Lonnie, Tom:
Here's a somewhat complicated example of what Tom's talking about from
my own programs.
HOWEVER, you should use this kind of structure sparingly, if at all.
SQL is a declarative language, rather than a procedural one. For
updates to groups of records, you should put the updates in sets and use
declarative statements whenever possible, rather than a looping
structure.
If you find you *have* to do a lot of looping rather than taking a
declarative approach, you might want to consider changing languages.

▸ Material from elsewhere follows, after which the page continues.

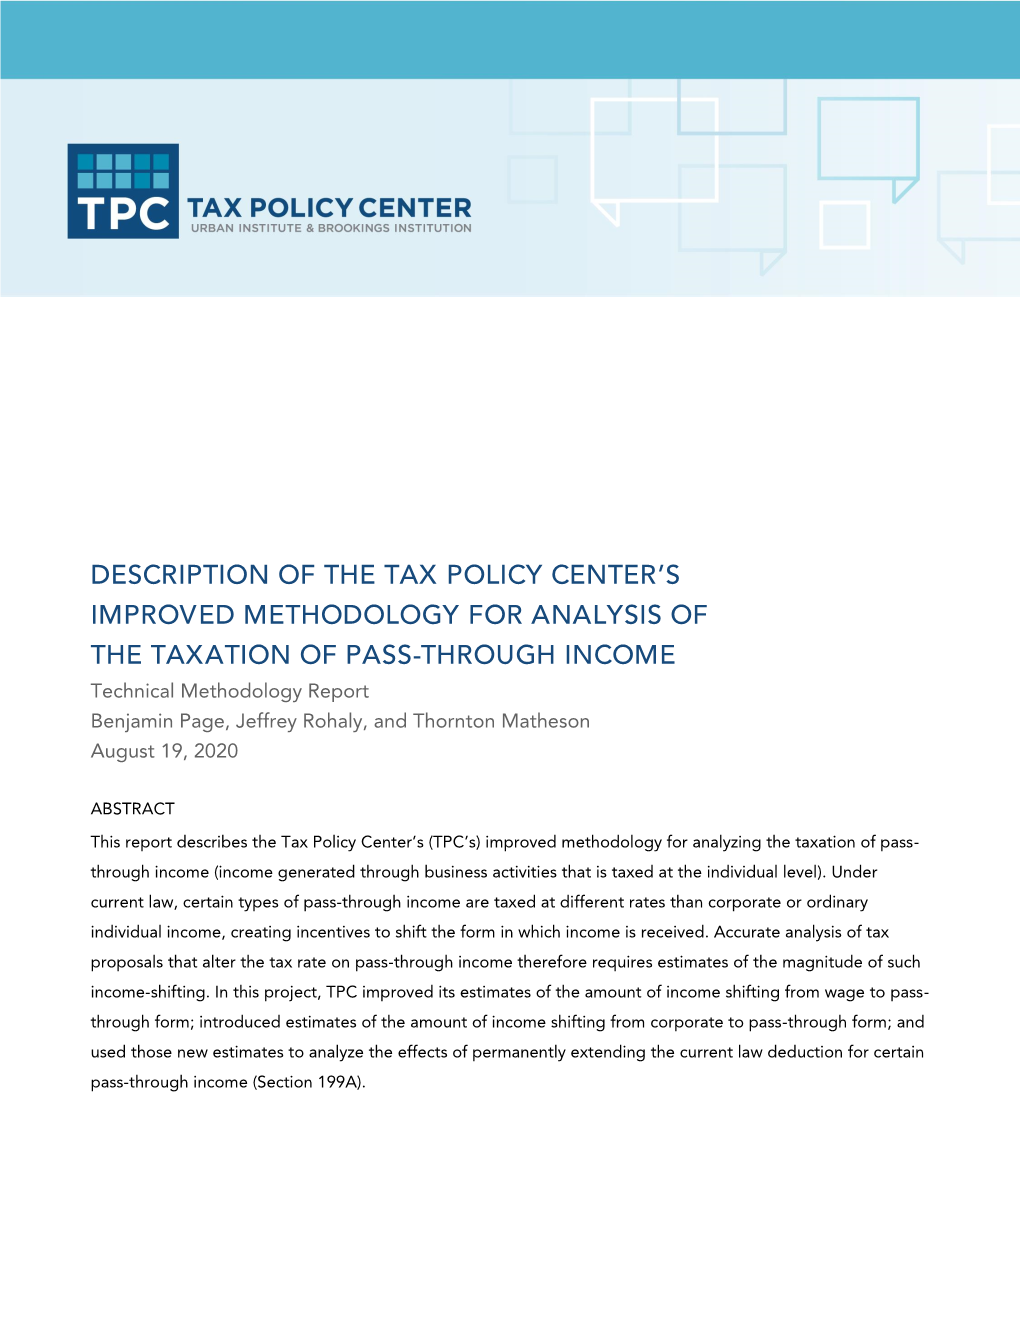 Description of the Tax Policy Center's Improved

PL/perl, PL/TCL and C are all much better equipped to handle loops and
arrays than PL/pgSQL and SQL.
The example, part of a 279-line function which calculates a weighted job
score evaluation for an HR database:
--Calculate DETAILS modifier
--loop through details one at a time, adding to candidates
--that have that detail
count_odetails := count_details - COALESCE(count_rdetails, 0);
IF count_odetails > 0 THEN
insert_loop := 0;
WHILE insert_loop < count_odetails LOOP
SELECT detail_id INTO detail_no
FROM order_details
WHERE order_usq = v_order AND detail_req = FALSE
ORDER BY detail_id
LIMIT 1 OFFSET insert_loop;
insert_loop := insert_loop + 1;
UPDATE matches SET match_score = match_score +
(20::NUMERIC/CAST(count_details AS
NUMERIC))
FROM candidate_details
WHERE candidate_details.candidate_usq =
matches.candidate_usq
AND match_sq = match_id
AND detail_id = detail_no;
END LOOP;
END IF;
(NOTE: OFFSET will not accept any math if set dynamically {as above}.
Thus, "LIMIT 1 OFFSET insert_loop + 1" will error).